Background AI Agent UX: Designing for Tasks That Run While Users Are Away
How to design long-running AI agent tasks: starting them, showing status, notifying at the right moments, pausing for input and presenting results.
Quick answer
Background agents work on tasks while users do something else: researching, processing batches, monitoring, preparing drafts. Their UX has five moments: start (scope and limits), status (what is happening, without demanding attention), interrupt (asking for input at the right time), result (what was done, with evidence and partial outcomes) and steer (pause, change, cancel).
The core rule: make progress visible but quiet, and make interruptions rare, clear and actionable.
Why long-running tasks need different UX
Chat assumes the user is present and waiting. Background agents break that assumption. They may run for hours, wait for approvals, retry failed steps, change plans and finish with partial results. Engineering handles survival across crashes and waits (see durable execution for AI agents); UX handles how people delegate, follow and receive that work. Short waits are covered by the progress patterns in AI UX design; this article is about work measured in minutes to days, typical of agentic workflow automation.
Starting a task
Capture enough to avoid interruptions later: the goal, scope, limits (budget, recipients, systems), what counts as done, and decisions the agent may take alone versus those it must ask about. Show a short plan and an honest idea of duration if it is predictable. Offer to notify on completion and let the user choose channels.
Showing status without demanding attention
Put background tasks in a task list or inbox rather than in the chat scroll. Each task card shows the goal, status from a small set (queued, running, waiting for you, blocked, done, failed, cancelled), the current step in plain language, progress if meaningful, and the time of the last update. Avoid fake precision: an estimate that keeps slipping is worse than none.
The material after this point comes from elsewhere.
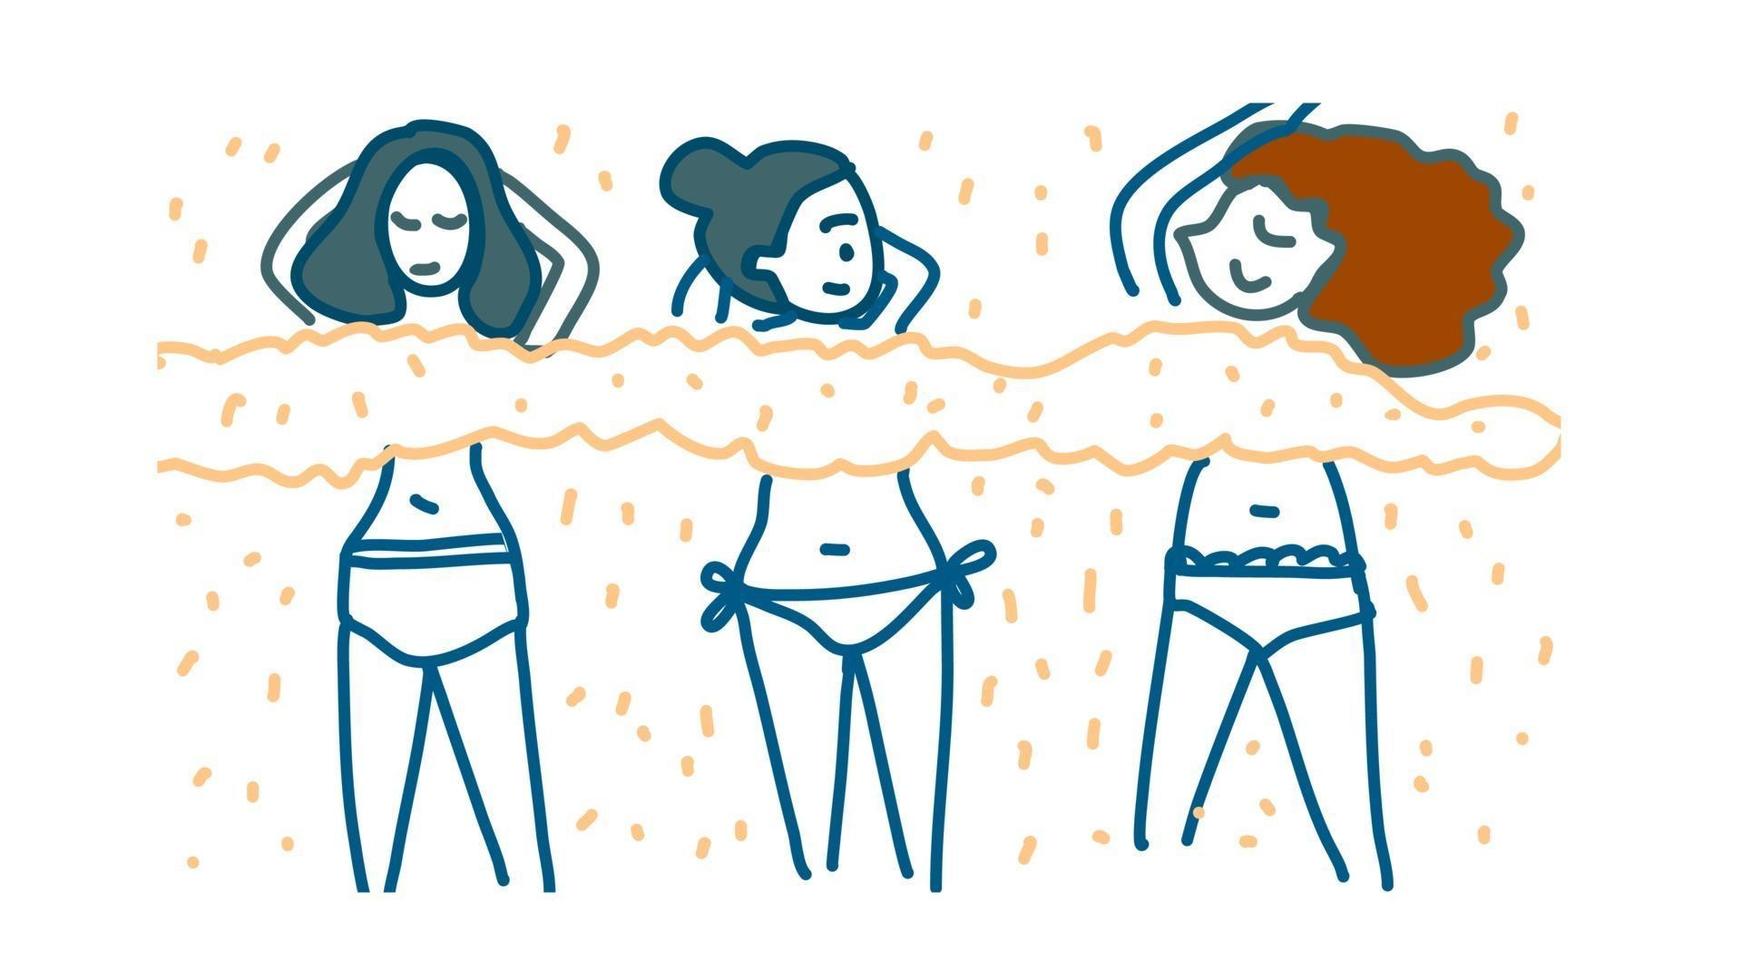 lindas 3 chicas en topless en la playa vector de dibujos animados dibujados a mano

start ─▶ queued ─▶ running ──────────────▶ done
│ ▲ (results +
│ │ answer receipt)
▼ │
waiting_for_you ── no answer by deadline
│ └─▶ safe default
▼ (skip step / stop)
blocked ─▶ notify + suggested fix
│
failed ──▶ partial results + retry option
user can: pause · edit scope · cancel at any pointNotifications and interruptions
| Event | Notify? | How |
|---|---|---|
| Needs a decision | Yes | Specific question, options, deadline, safe default |
| Blocked or failed | Yes | What failed, impact, suggested next step |
| Finished | Yes (if the user opted in) | Summary, results link, anything needing review |
| Important time-sensitive finding | Yes | What was found and why it matters now |
| Routine progress | No | Visible in the task card only |
Pro tip
Batch questions. If the agent will need three decisions, ask them together at the first point it must stop, rather than interrupting three times.
Pausing for input safely
When the agent needs a person, it should pause only the dependent step and continue independent work. The request should stand alone: what is needed, why, the options with consequences and when it will apply the safe default. The safe default for consequential actions is to not act. See AI action confirmation UX for which actions need approval.
Presenting results
A finished task should open on a summary: what was achieved, what was not and why, items needing review, and links to evidence and the full activity log. Partial success is normal for agent work; present it honestly ('Processed 182 of 200 invoices; 18 need your review') rather than as a failure or a success. Every action taken should have a receipt and, where possible, an undo; see AI agent trust UX.
Steering and cancelling
Users should be able to pause, change the scope or limits, and cancel at any time. Cancelling should say what has already happened and what will be reversed, since some completed steps (emails sent, orders placed) cannot be undone automatically. Handing the task to a colleague should carry its full context; see AI agent handoffs.
Design checklist
- Capture goal, scope, limits and done-criteria at the start
- Show tasks in a list or inbox, not only in chat
- Use a small set of clear statuses with plain-language current step
- Notify only for decisions, blocks, completion and urgent findings
- Batch questions; give deadlines and safe defaults
- Present partial results honestly with items to review
- Offer pause, edit and cancel; explain what cancelling cannot undo
- Keep an activity log and receipts for everything the agent did
Building agents that run long tasks?
ZSpace Labs designs task inboxes, notifications and review flows for background agents, backed by durable workflows. See AI automation and UI/UX design.
Conclusion
Background agents change the interaction from a conversation to delegation. Design how work is handed over, how status stays visible without noise, when and how the agent interrupts, how partial results are presented and how users steer. Done well, people can delegate real work and come back to clear outcomes. For the full pattern set, see AI interface patterns.
Common questions.
An agent that works on a task for minutes, hours or days without the user watching, such as researching suppliers, processing a batch of documents or monitoring orders, and reports back when it needs input or has finished.